In my early years on MLLE and LHJ, I met a number of
glamorous, larger-than-life women from the post-Pleistocene
generation whom I call the Best of Everything editors-- because they are
the ones Rona Jaffe was writing about in her book. Their names belong
on the roll of visionary, intelligent, glamorous and sometimes
impossible women who carried the torch in an era when
Ladies Home Journal staff members were given aprons with the slogan “Never underestimate the power of a woman.”
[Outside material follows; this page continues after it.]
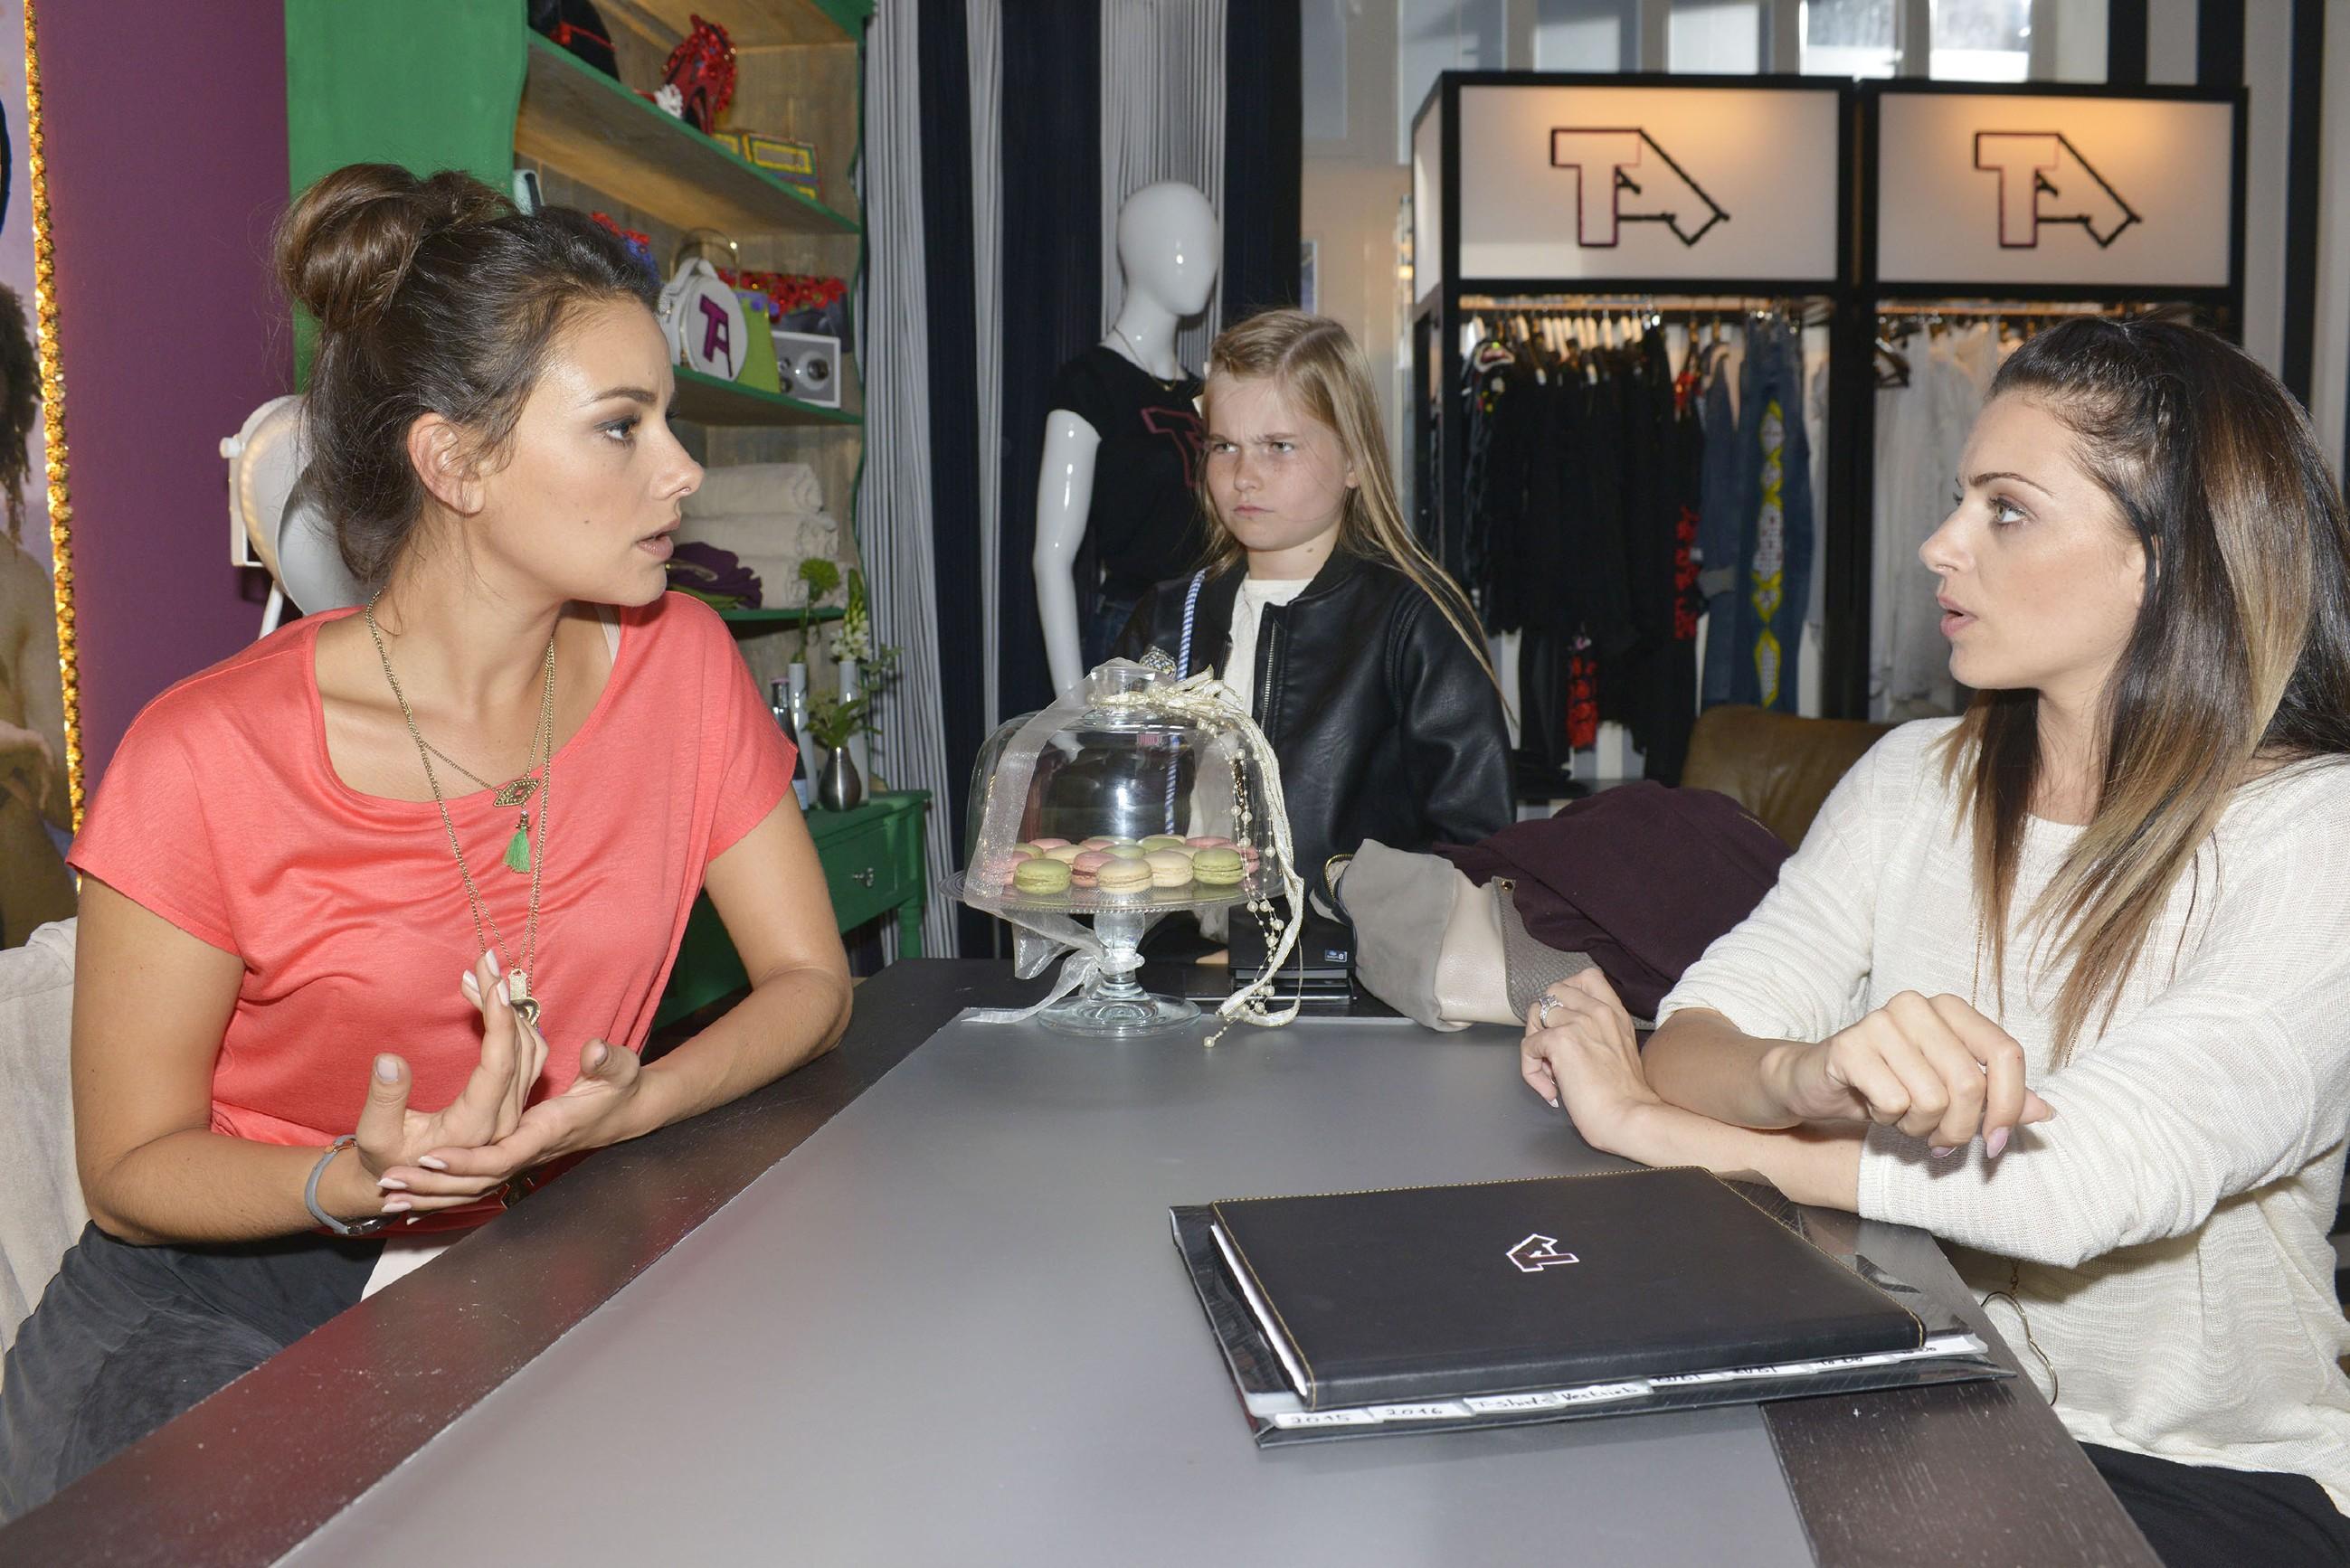 Jasmin (Janina Uhse, l.) und Emily (Anne Menden, r.) sind bei Tussi Attack so im Arbeitsstress, dass Jasmin entgeht, dass ihre kleine Schwester Johanna (M.) Rat bei ihr sucht. (Quelle: RTL / Rolf Baumgartner)

There was Bruce Clerke, my personal editor at
MLLE,
who suffered my Midwestern naiveté with great good humor and tact, as
when I tried to drink the shrimp cocktail at La Fonda del Sol during
our first lunch. Bruce was a beautiful southern belle, (a college Azalea
Queen, if I remember correctly). Perhaps her trademark silver hair
inspired Meryl Streep’s portrayal of Miranda Priestly.
The
fiction editor at LHJ was Phyllis Levy, a slender and vivacious woman
who entranced a series of men but, to my knowledge, never married. (Her
good friend Rona Jaffe wrote about Phyllis’s chameleon personality in
the story “Rima the Bird Girl.”) One morning, as I was answering reader
mail in my closet off the test kitchens, Phyllis dashed in clutching a
bottle of champagne and a tin of caviar. “Put this in the
refrigerator,” she commanded. “I met the most fabulous man and he’s
flying me to Paris tonight.”
And the late Lois Benjamin
Gould was the first editor to stride into the office wearing a pants
suit. She looked thin, tragic and beautiful. Our jaws dropped.
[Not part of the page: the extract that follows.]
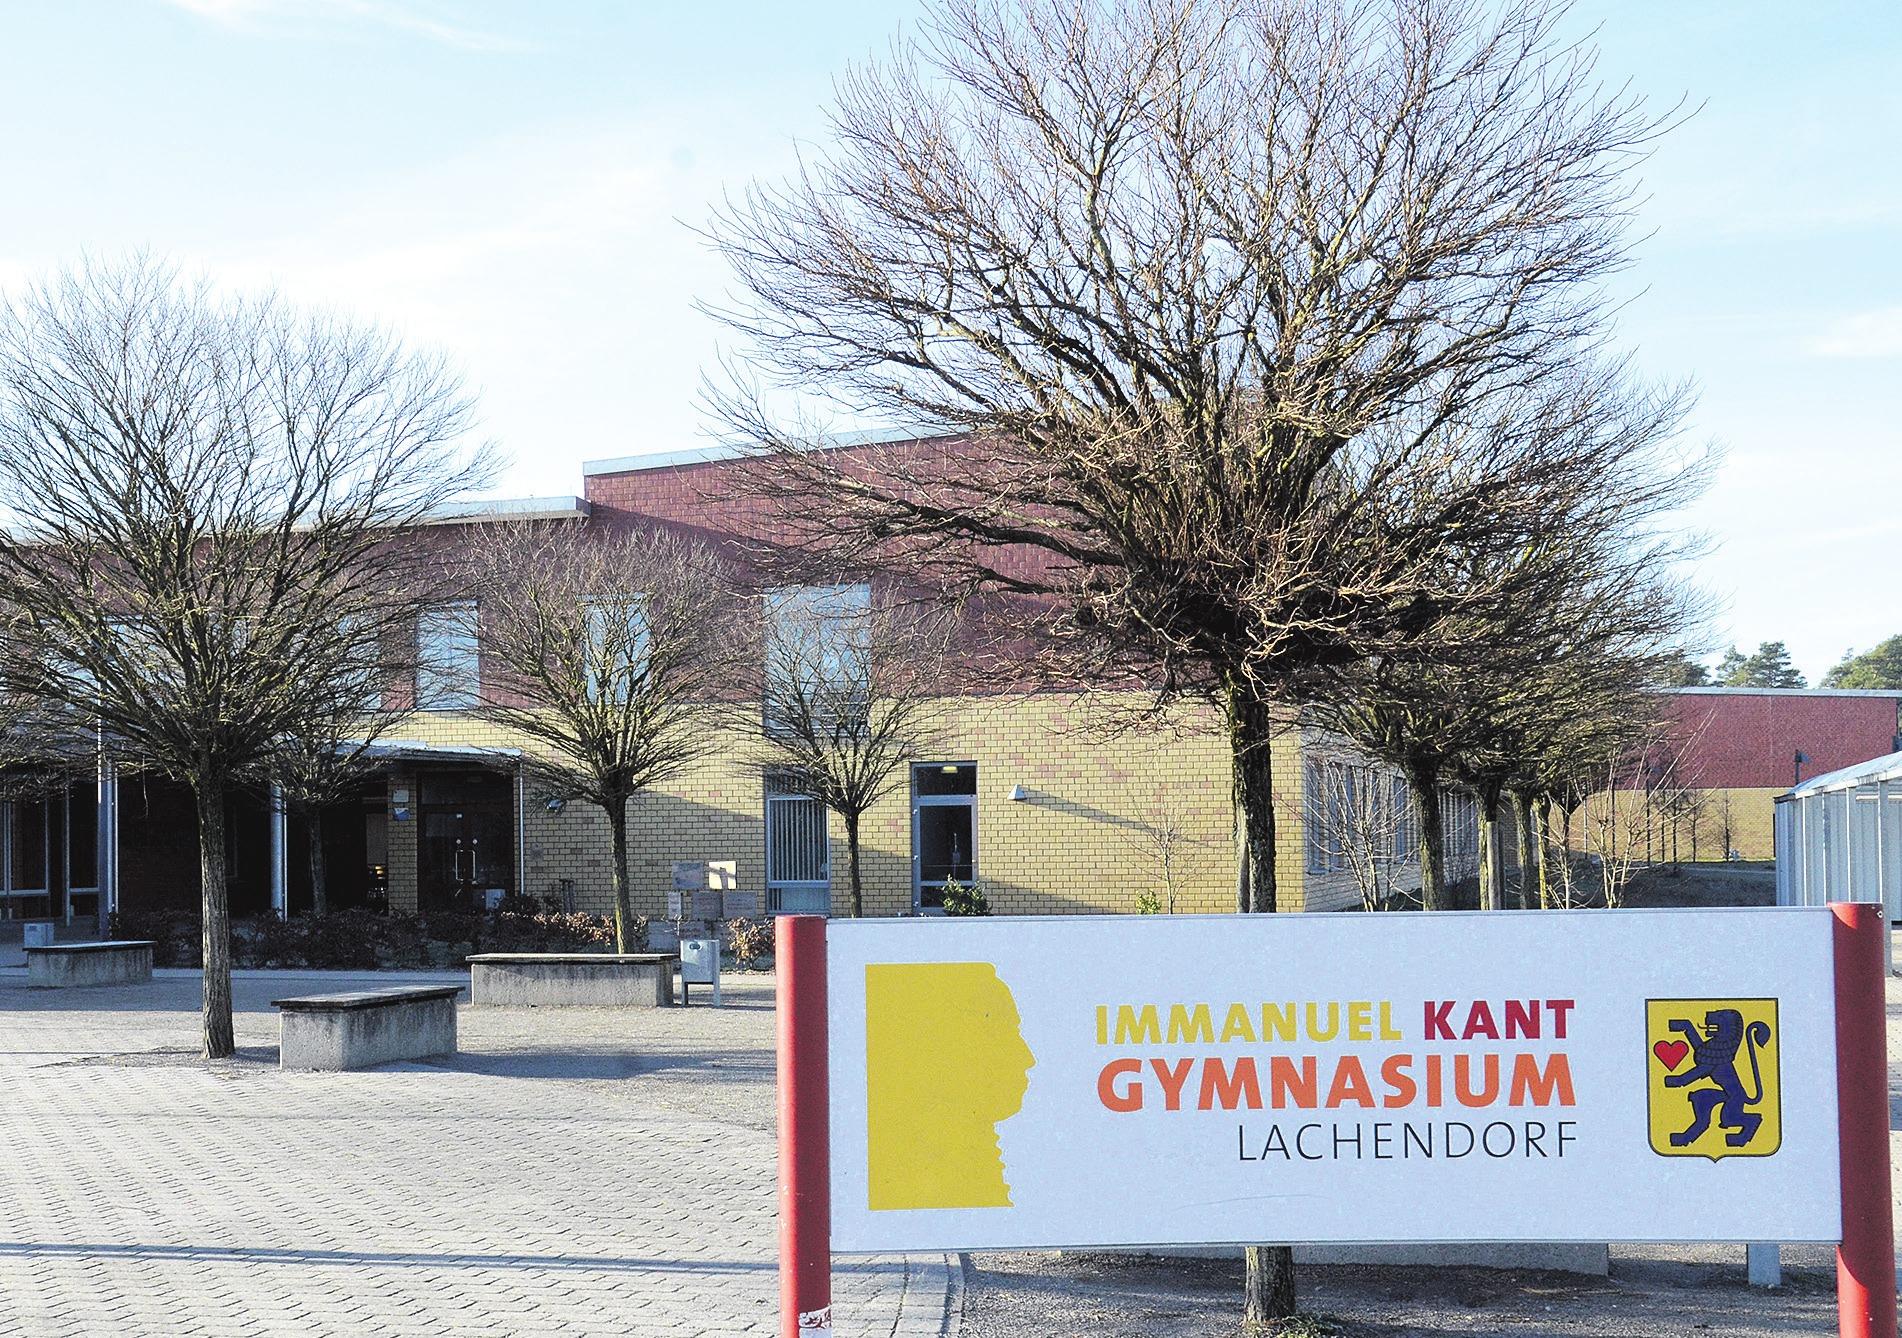 Das 2005 gebaute zweigeschossige Schulgebäude mit Dreifeldsporthalle des Immanuel-Kant-Gymnasiums in Lachendorf muss erweitert werden. Foto: Müller

Anything that Lois did, we knew, must be the Next Big Thing. I believe
this was after Lois’s husband had died and she dropped out of sight for
about a year while she wrote
Such Good Friends about discovering her husband’s adultery, another “fiction” book, like
The Bell Jar and
The Devil Wears Prada that was really faction.
At
this time I was sharing an apartment on 14th Street with three young
women, all in some form of journalism. Two were researchers on news
magazines and, it’s true, the female researchers were expected to travel
with the reporter, to help, research, support and socialize with him,
but never to write. In those days, believe it or not, nobody got
by-lines on the articles in
Time,
except for columnists. Nowadays, everybody who has anything to do with
a piece gets his/her name at the end. Which is only fair.
We
had fun, living in that sordid apartment with cardboard furniture and
orange-crate shelves. We each chipped in a dollar a day for food. When
Time
closed on Friday nights, there was always a big buffet on the top floor
and our Time/Life researcher roommate would often bring home leftovers.
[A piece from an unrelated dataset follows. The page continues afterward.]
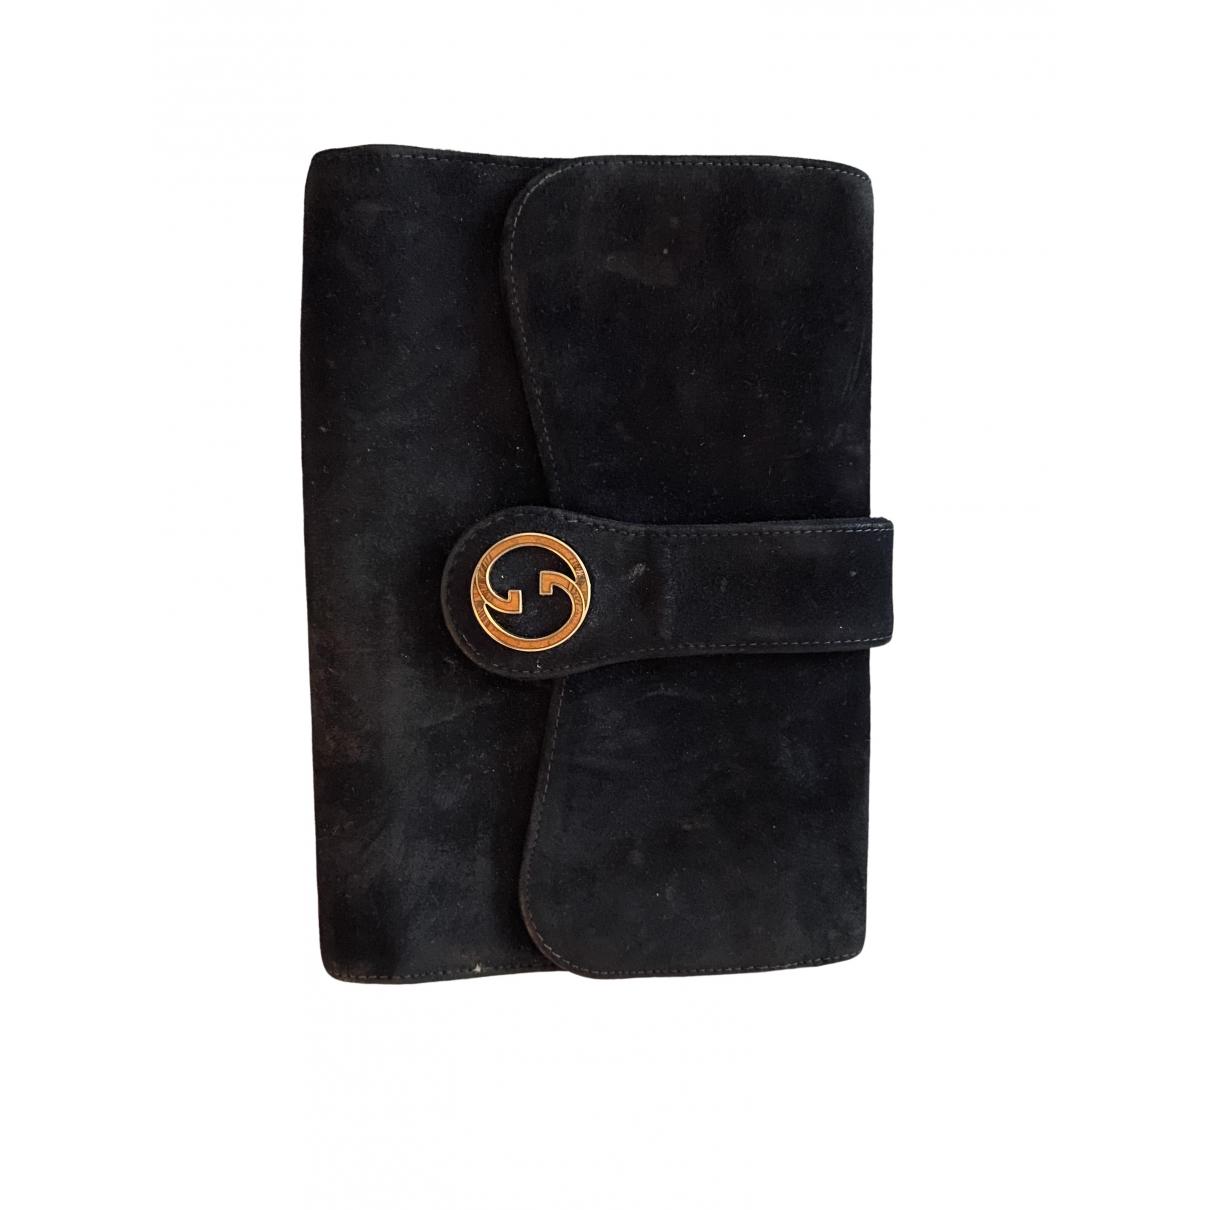 Bolsos clutch en Ante Negro Gucci

There was no swag for magazine assistants-–certainly not the way there
is today--but I remember one Christmas when Restaurant Associates sent
me a box made of chocolate with my named spelled out on the lid. Once
in a while the Fashion Department would sell off clothes at a
bargain-basement price and I snagged a dress that was originally worn by
Twiggy in a fashion spread. When there was a subway strike, we’d
compete to see who could walk to mid-town on time without stopping for a
Chock Full O’Nuts doughnut on the way.
No doubt we
were abused, underpaid, overworked and discriminated against because we
were women, but that was before we’d ever heard terms like “glass
ceiling” , “women’s liberation” and “car service” or read manifestos
like TDWP. We didn’t even realize that we were storing up fodder for
future exposés.
Footnote about Anna Wintour: I’ve never met her, but when I first had an article published in
Vogue, she sent me a handwritten note saying that she liked it. I thought that was a very gracious thing to do.